Al llegar, lo principal es medir la malnutrición en los chicos, que puede ser de dos tipos: el marásmico, que es el flaquito de piel y huesos, y el que en vez de perder peso desarrolla edemas y se hincha como un globo. "En este caso, empieza en los pies y va subiendo. Si no los tratás bien, es una bombita de tiempo. Los ves y parecen gorditos, pero es pura agua", describe.
El día que se levantó el primer centro de salud se internaron 180 pacientes, todos malnutridos severos con complicaciones, a quienes se les daba leche cada tres horas y, luego, cuando evolucionaban, pasta de maní. "Era muy raro, porque estábamos atendiendo a chicos malnutridos rodeados de cultivos que crecían verdes y altos. Es una zona muy fértil, pero eso sólo se cosechaba al año siguiente", advierte.
Su primer desafío dentro de MSF llegó con el primer destino en una zona caliente: República Centroafricana. El conflicto bélico en el norte entre grupos rebeldes y oficiales dificultaba el acceso a los centros de salud para la población. "El objetivo era darle acceso a la salud a las víctimas del conflicto y a los que no tenían nada que ver; atendíamos a todos sin importar de qué bando eran. Pusimos clínicas móviles para las personas que estaban alejadas", destaca Lanusse, mientras se acomoda en la silla de un bar de San Isidro, donde creció y sigue volviendo para visitar a su familia.

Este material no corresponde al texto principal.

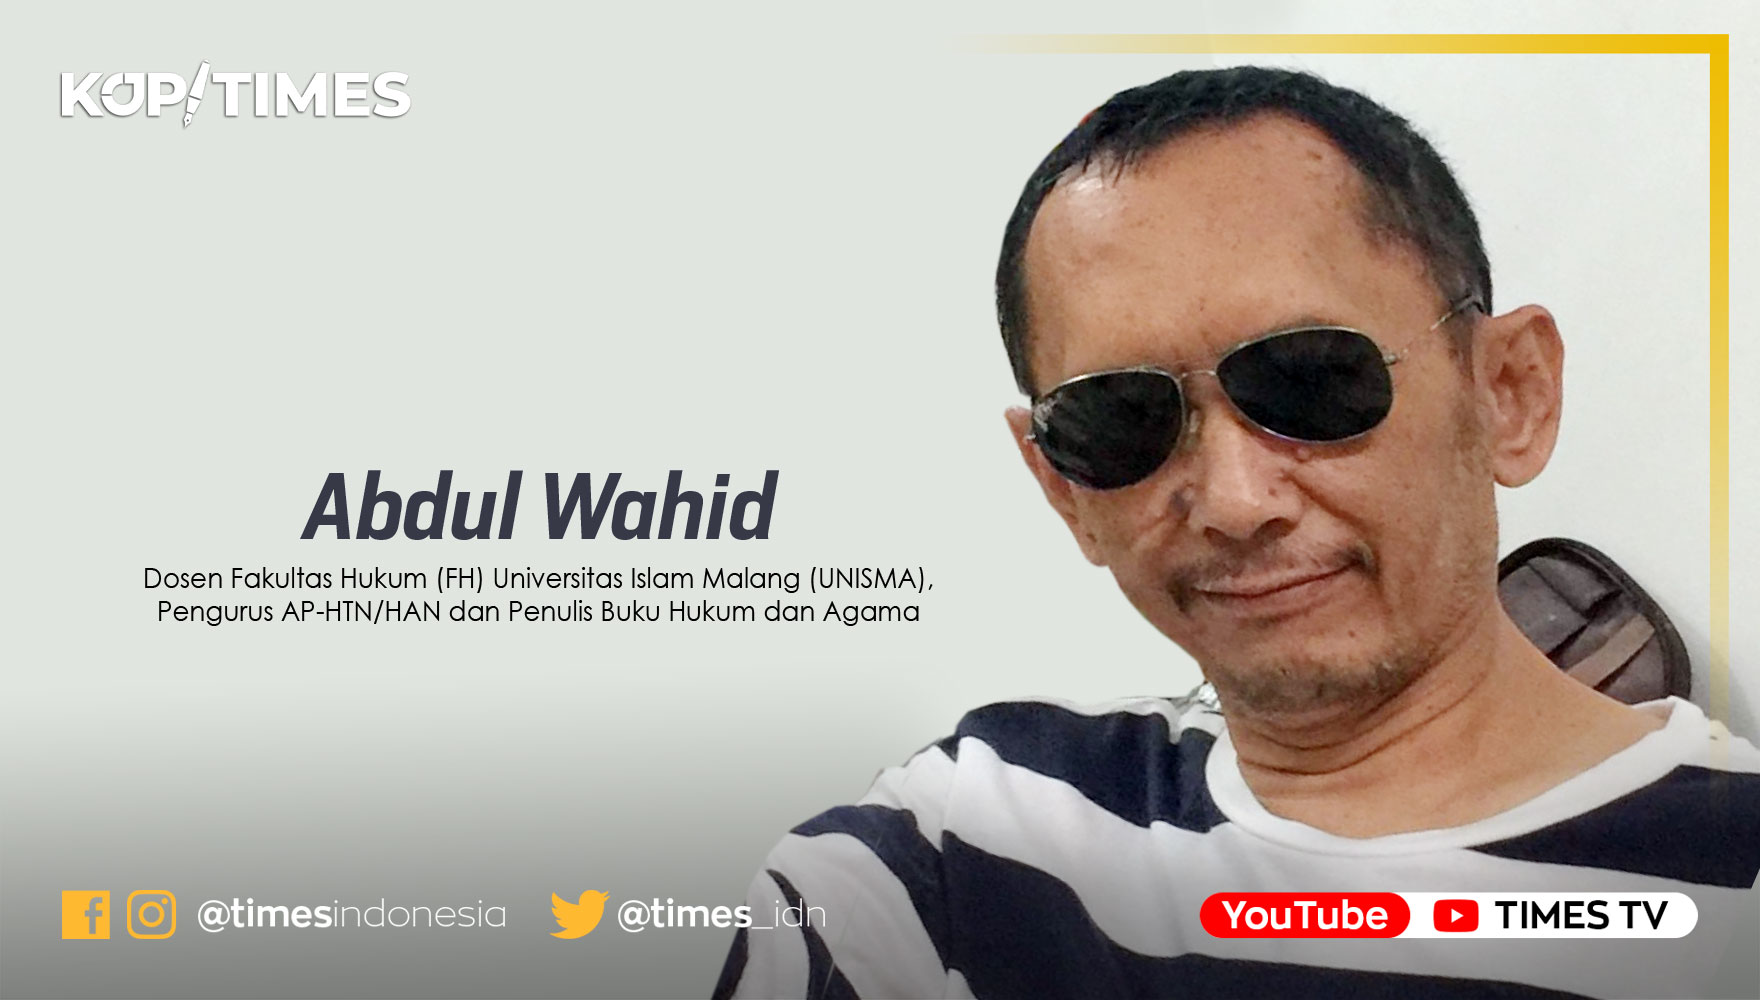 Abdul Wahid, Dosen Fakultas Hukum (FH) Uniersitas Islam Malang (UNISMA) dan Penulis buku Hukum dan Agama.

Levantar una tienda gigante y blanca donde antes había polvo o selva a modo de centro de atención de cólera, improvisar una clínica con carpas y lonas de plástico para controlar la malaria, palpar las crisis, epidemias, emergencias, los brotes, hacerle frente a la subnutrición, al desastre en los rincones olvidados del mundo. Esa es la tarea del enfermero expatriado. "Nuestro rol es importante, pero no existe sin el del enfermero nacional. El expatriado tiene experiencia y capacidad de gestión, pero nosotros seremos cinco que llegan y ellos cientos. Ellos hacen el trabajo duro", elogia Lanusse, que trabajó en la Unidad de Emergencia, el grupo de personas que está todo el tiempo a la espera de una llamada para salir disparados, cuando sea necesario, hacia remotos destinos.

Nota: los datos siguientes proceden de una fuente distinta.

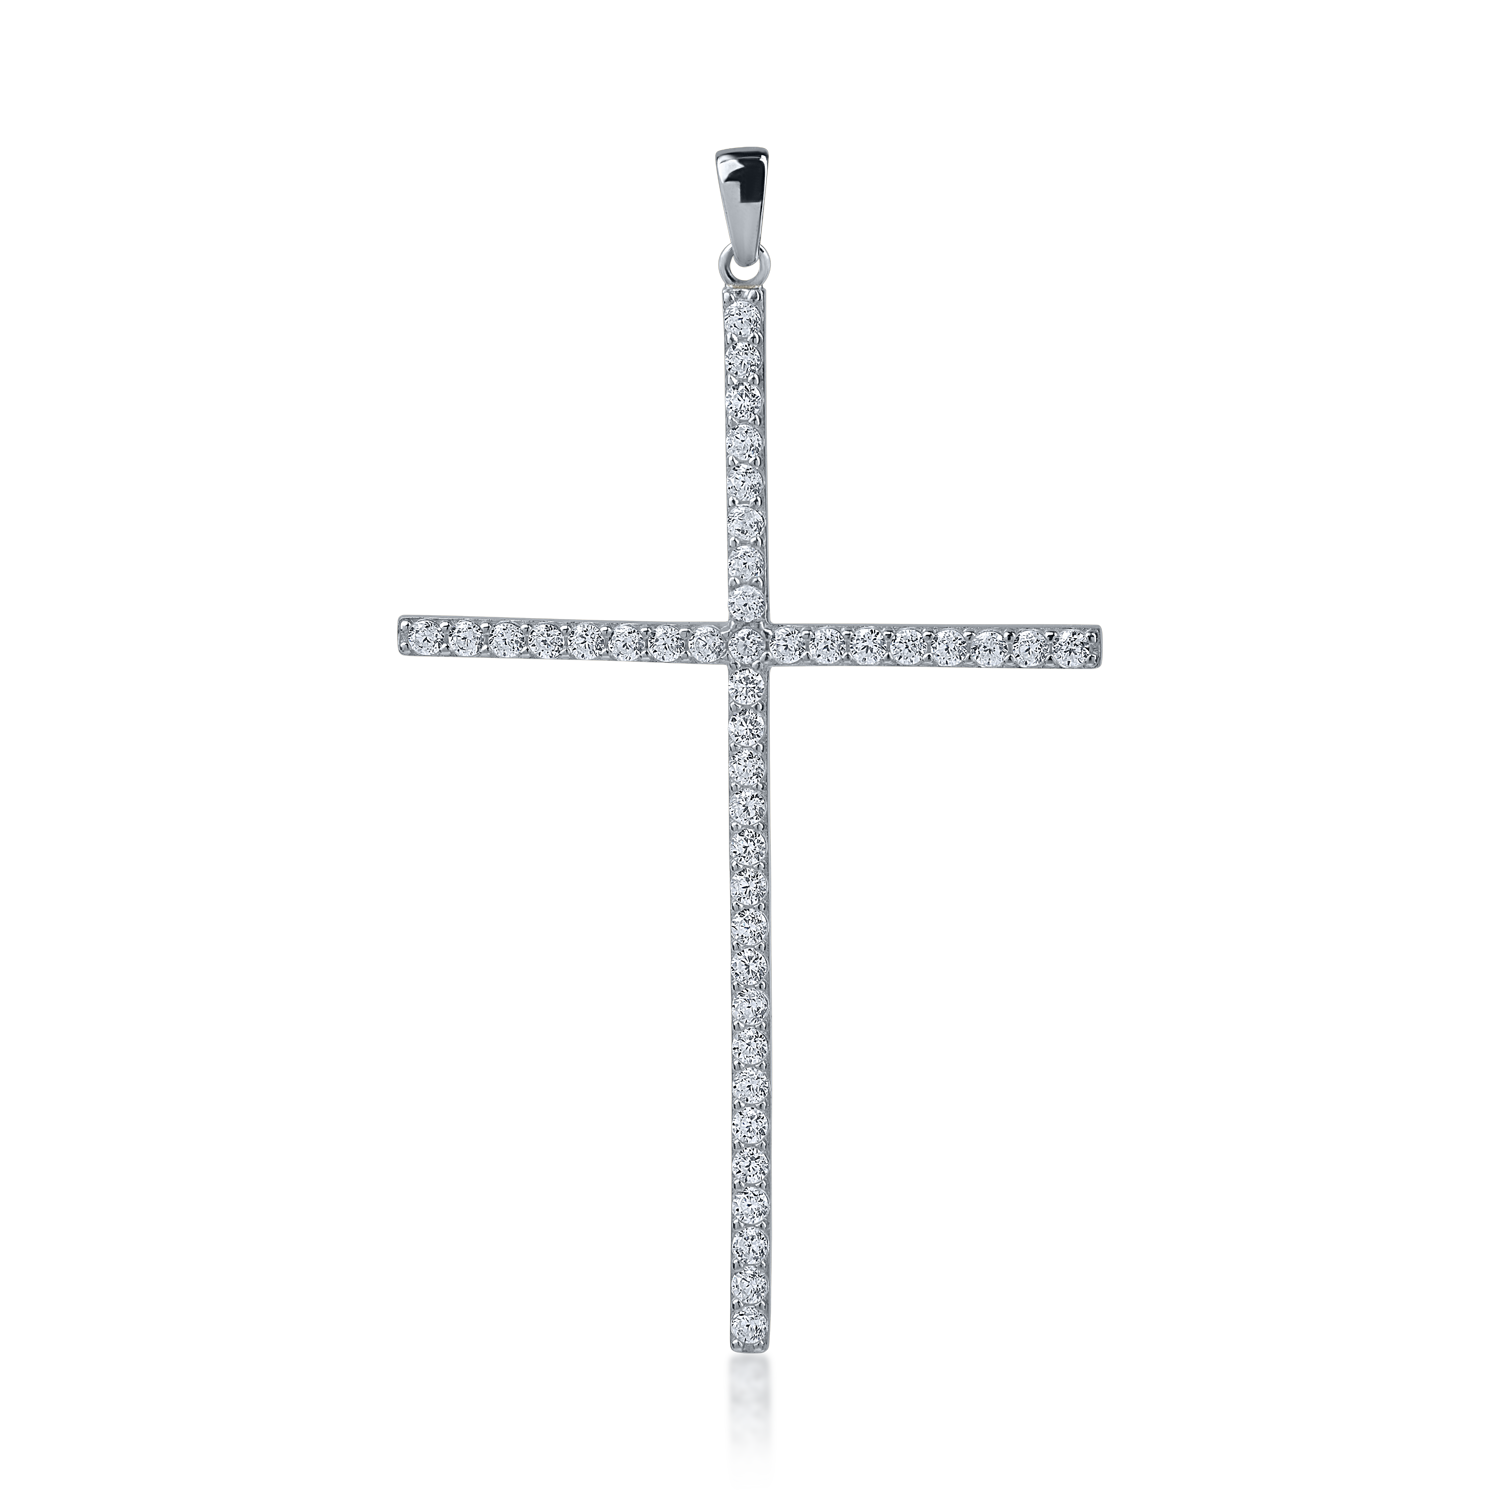 White gold cross pendant

La humildad es palpable en cada una de sus palabras. Una cualidad aprendida quizás en su larga estadía junto a las Misioneras de la Caridad en Calcuta, donde comenzó fregando pisos hasta que la monja que estaba a cargo la fue conociendo más y le encomendó tareas más específicas, propias de una enfermera.
"Mucha gente me pregunta por qué no lo hago acá, en la Argentina. A mí me gusta el tipo de trabajo de emergencia que se hace en MSF y, como me encanta viajar, siento que combino ambas cosas. Para irme al interior tengo toda la vida; para hacer esto, no.".